- EXERCISE DETAILS
Exactly as they stand, repeat the lines from the one containing "Megan and Chris wedding-43.jpg" through the final line of the listing, both ends included, and nothing else; skip the pictures.

- DATA SHOWN
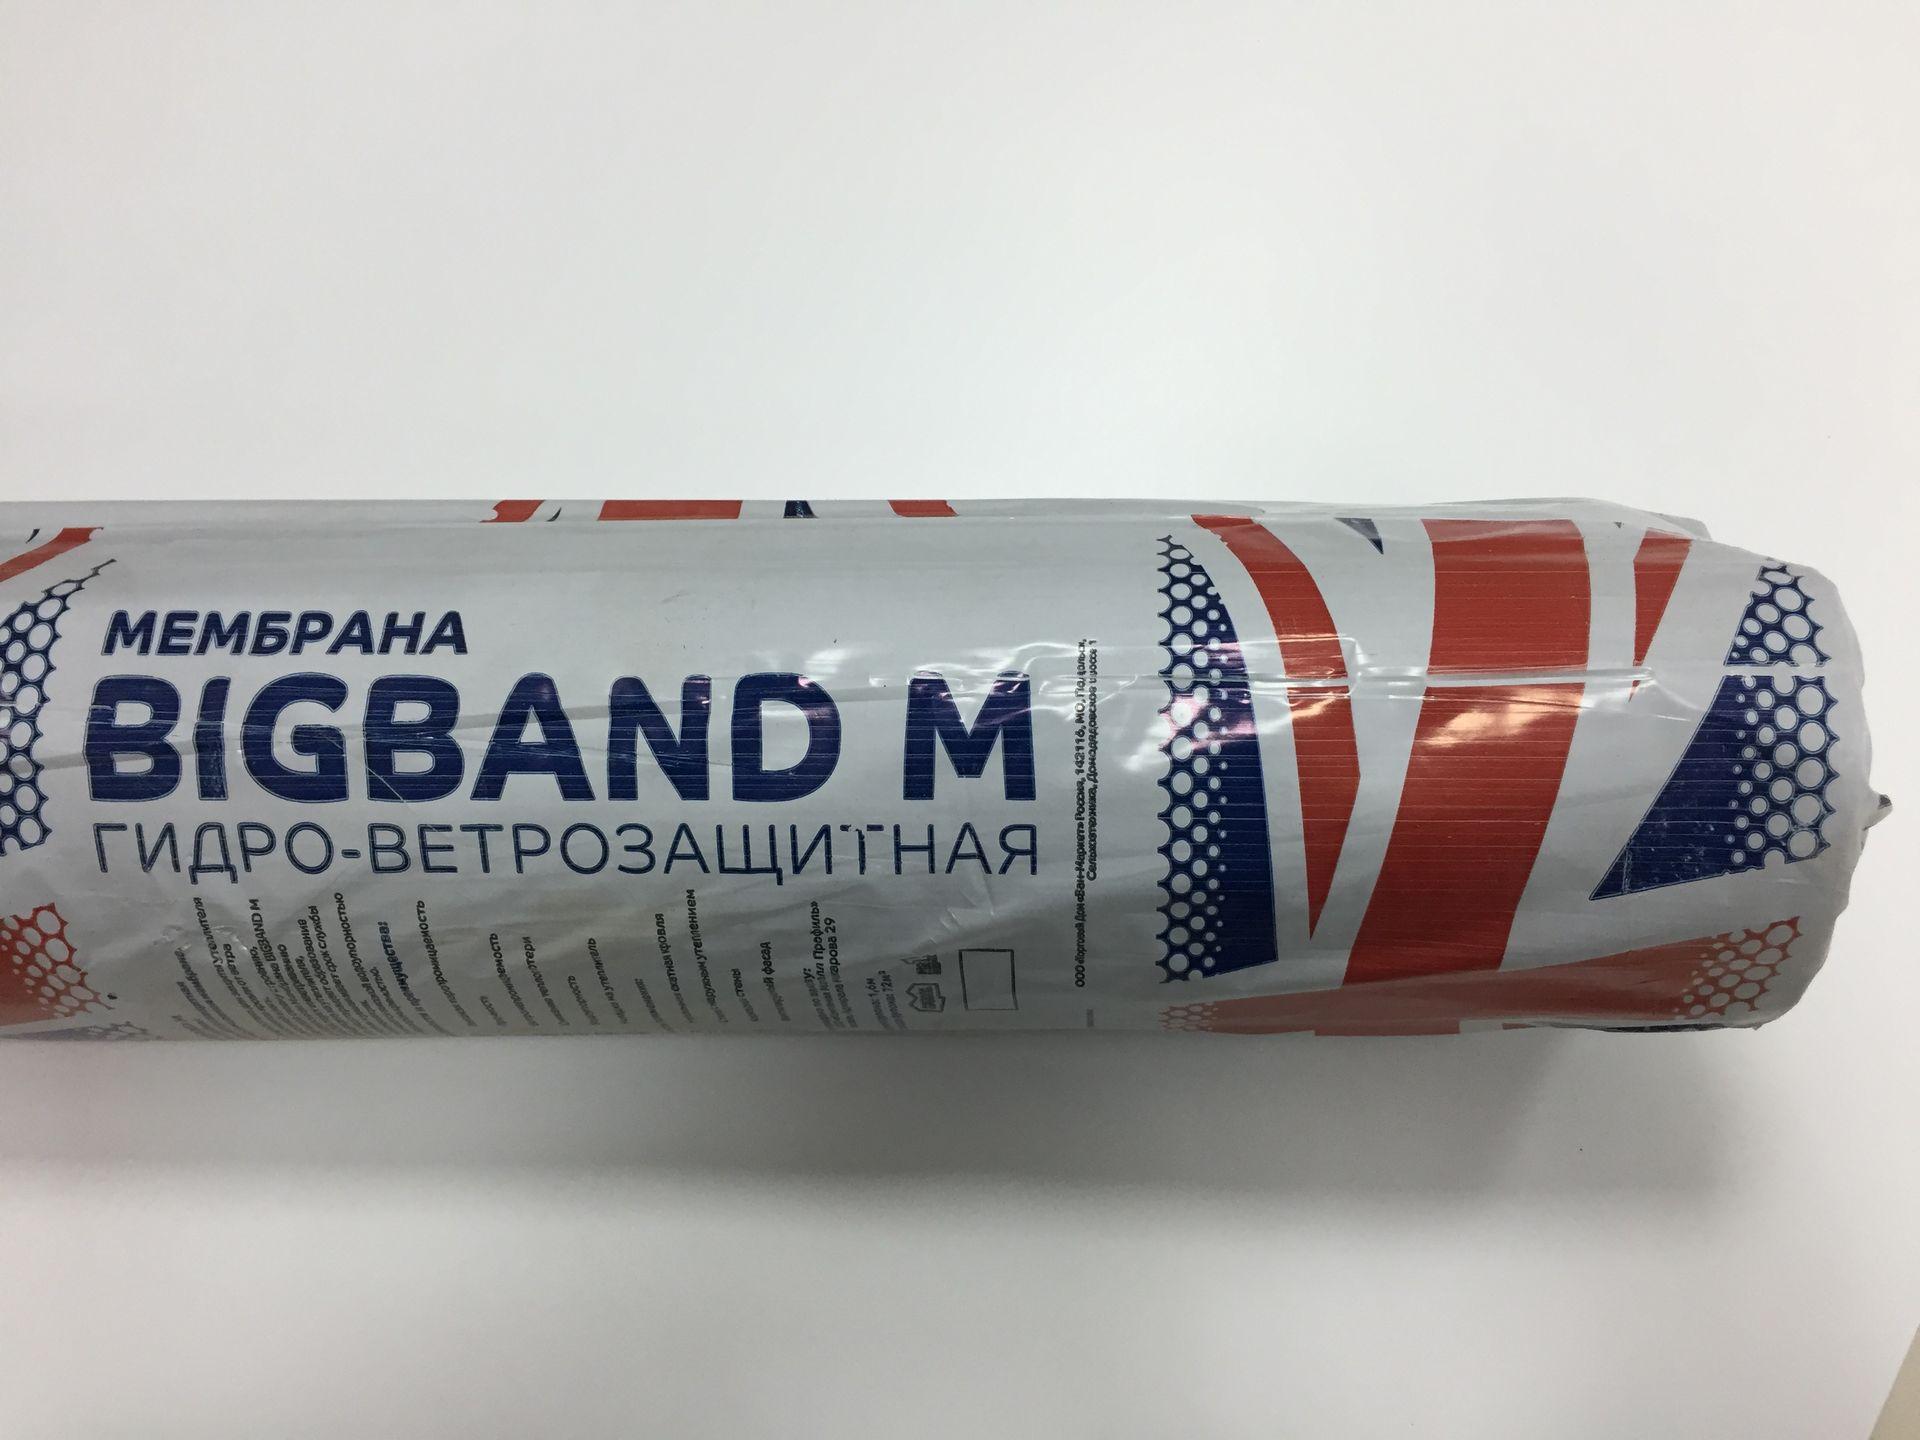 Мембрана гидро-ветрозащитная паропроницаемая BIGBAND М
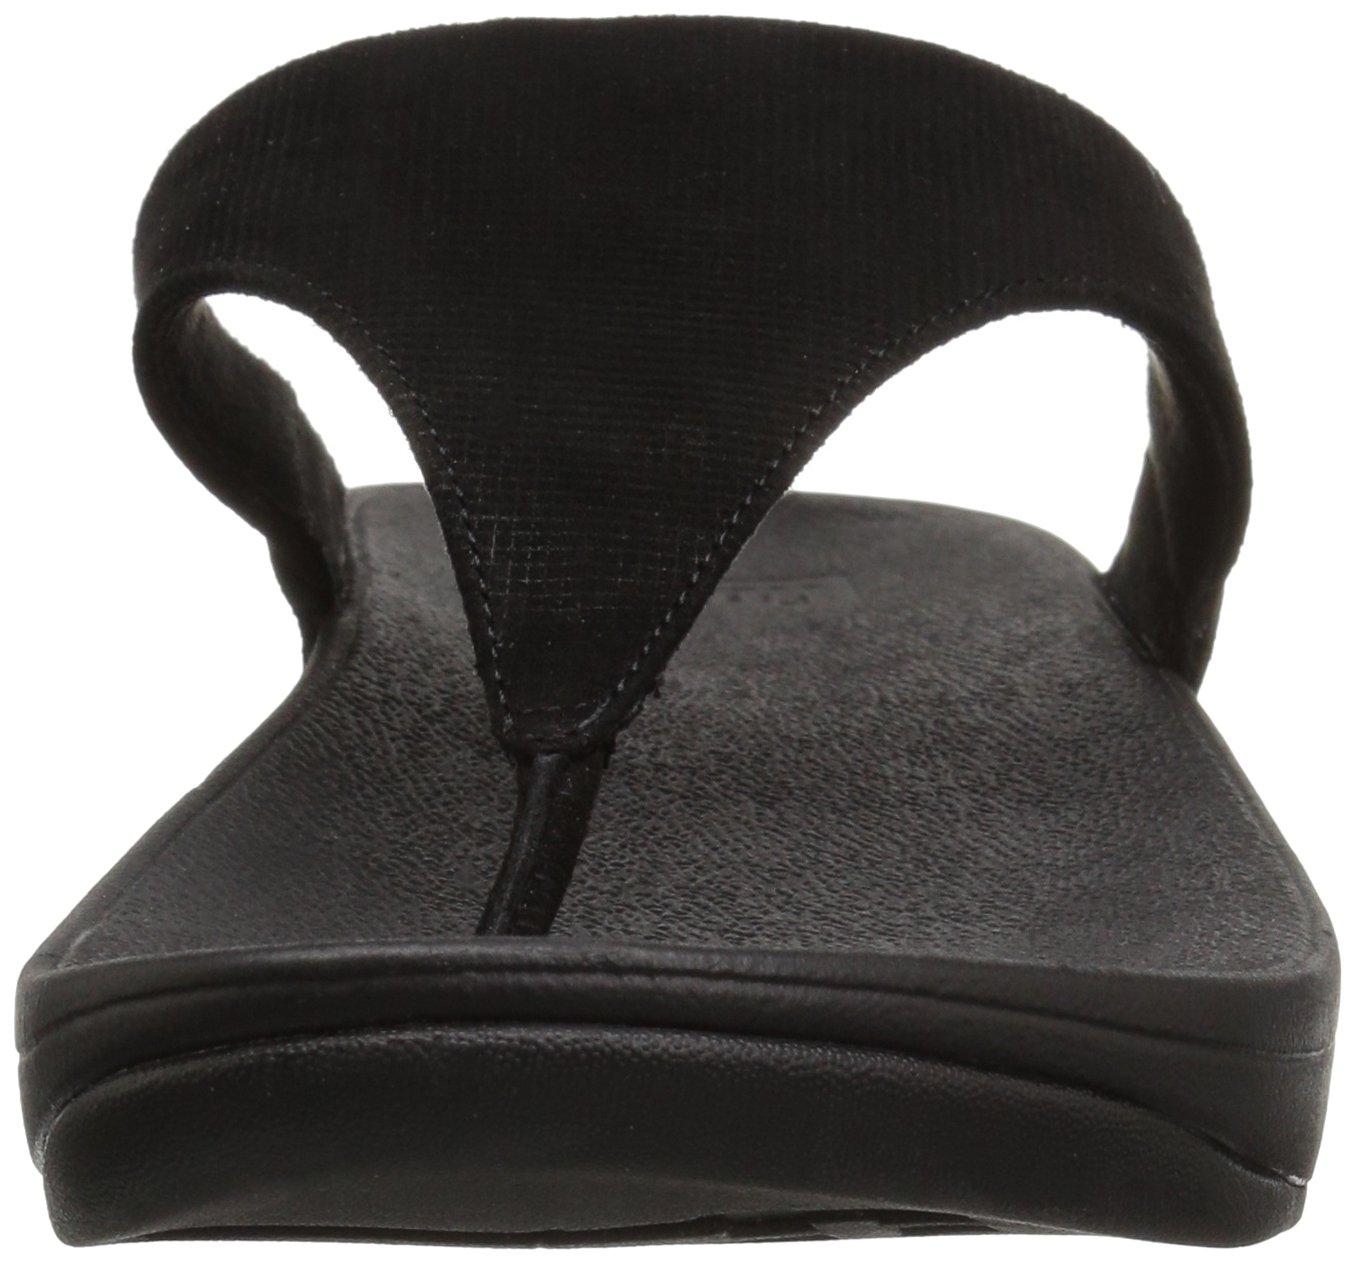 79de6847905 FitFlop Dámské Lulu Toe-Thong 16797 Shimmer-Check Lulu Toe-Thong Sandal  Černá e2c809c - norli.site
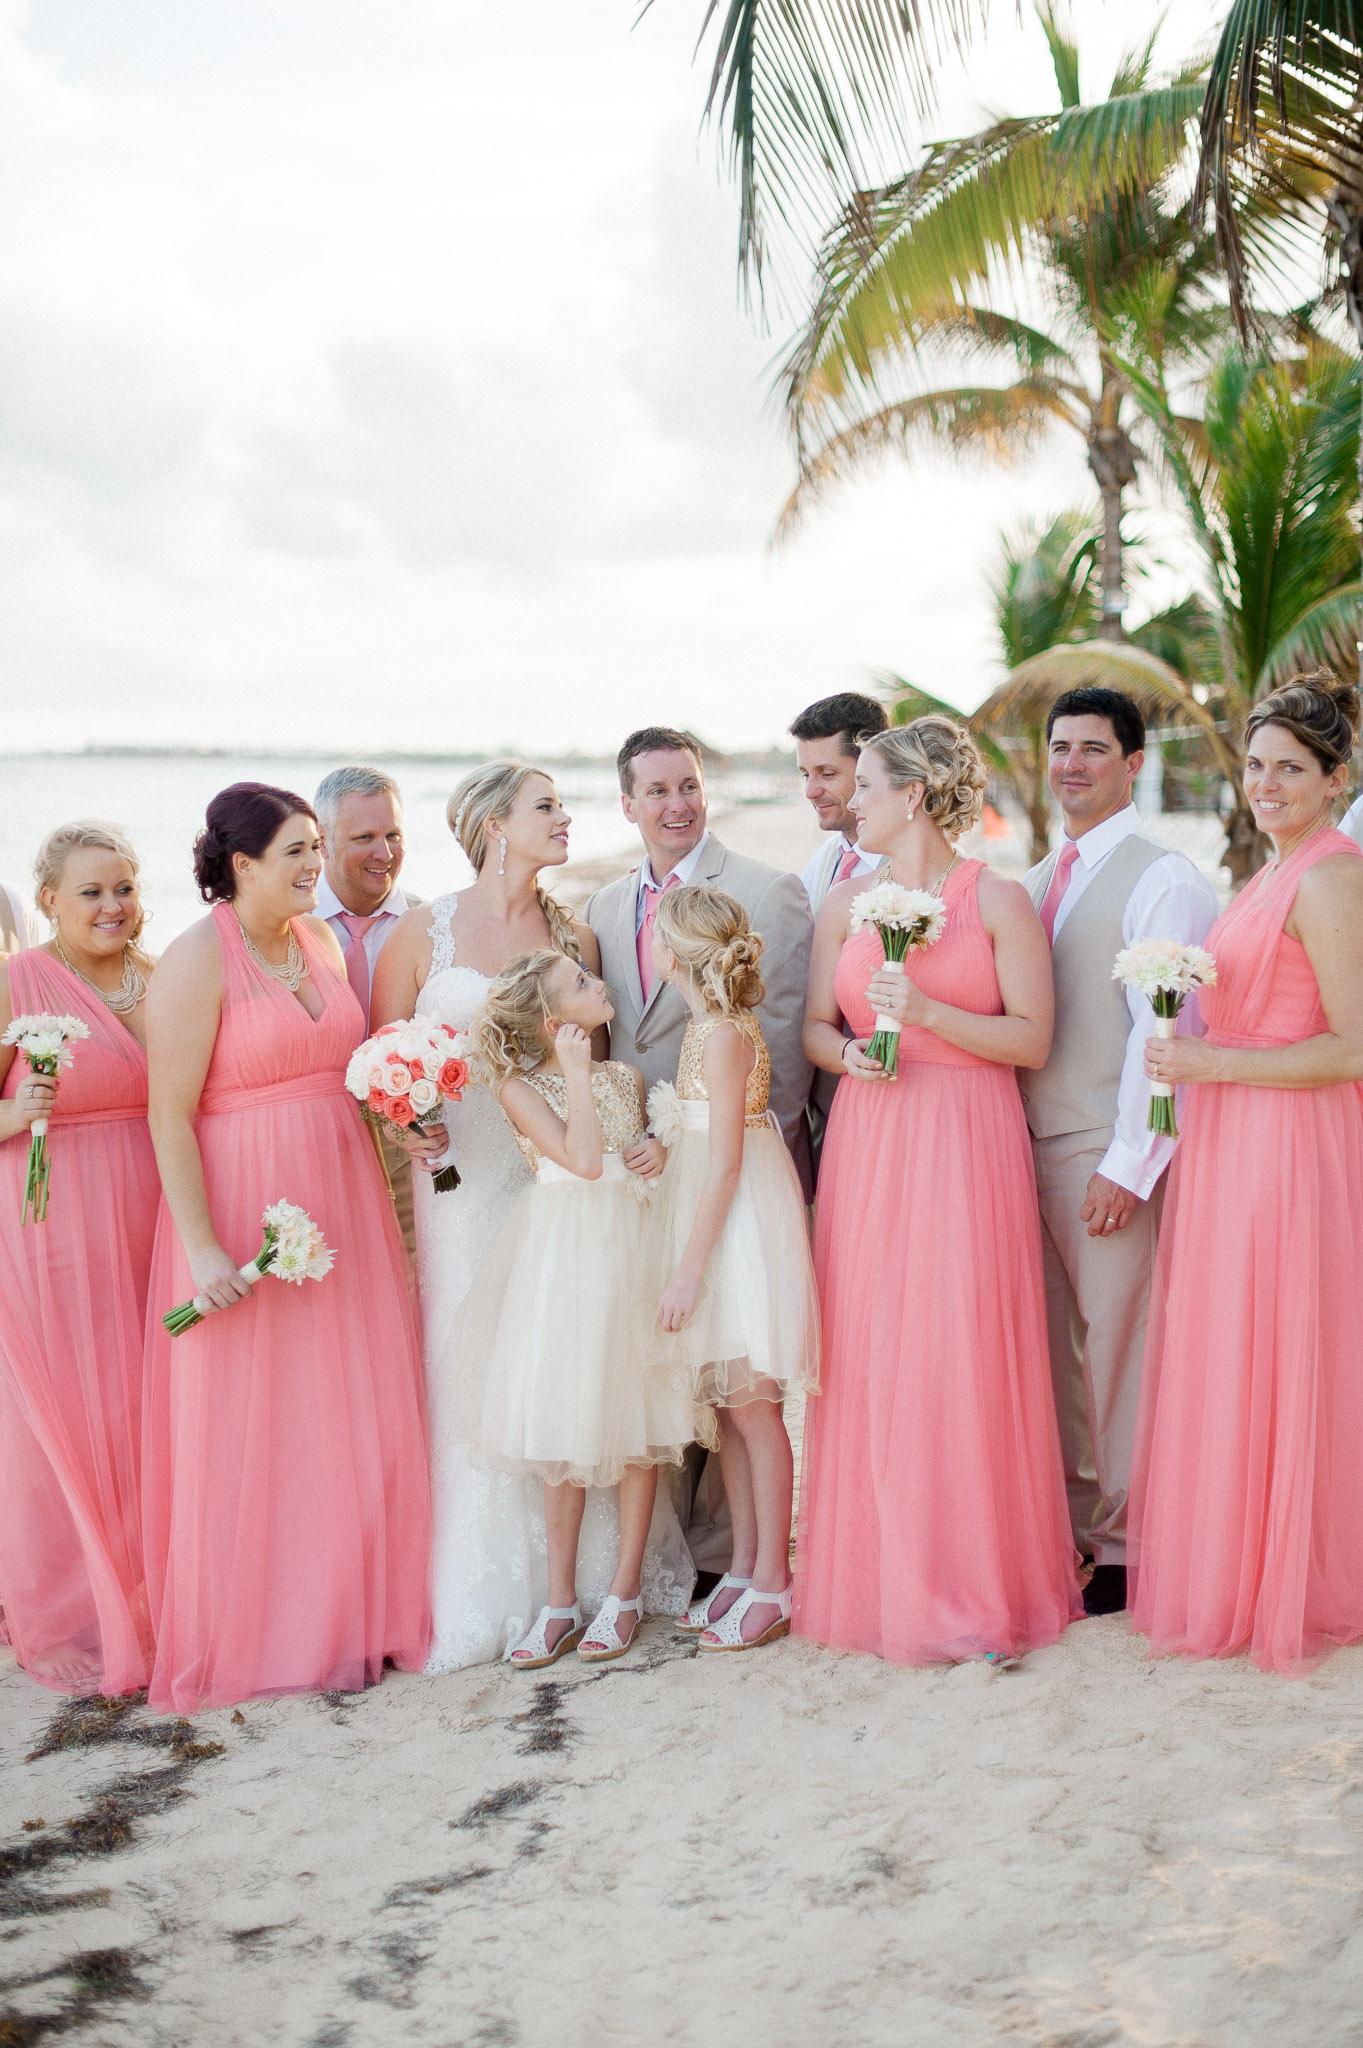 Megan and Chris wedding-43.jpg
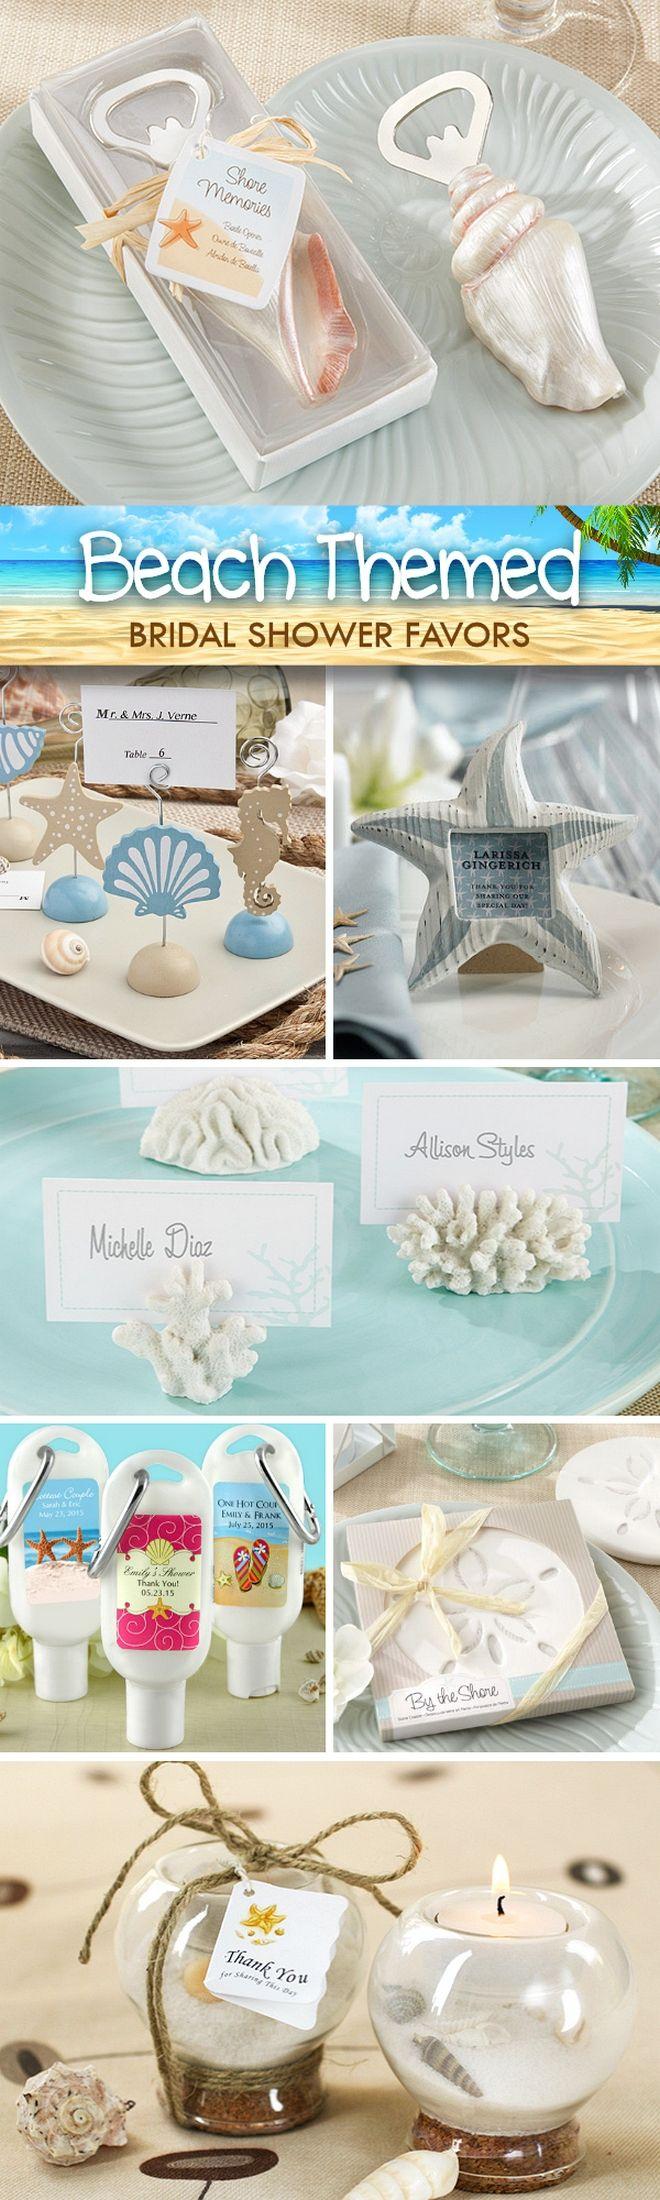 100+ Gorgeous Beach Themed Wedding Ideas and Accessories | Beach ...

- TASK ANSWER
 Megan and Chris wedding-43.jpg
 100+ Gorgeous Beach Themed Wedding Ideas and Accessories | Beach ...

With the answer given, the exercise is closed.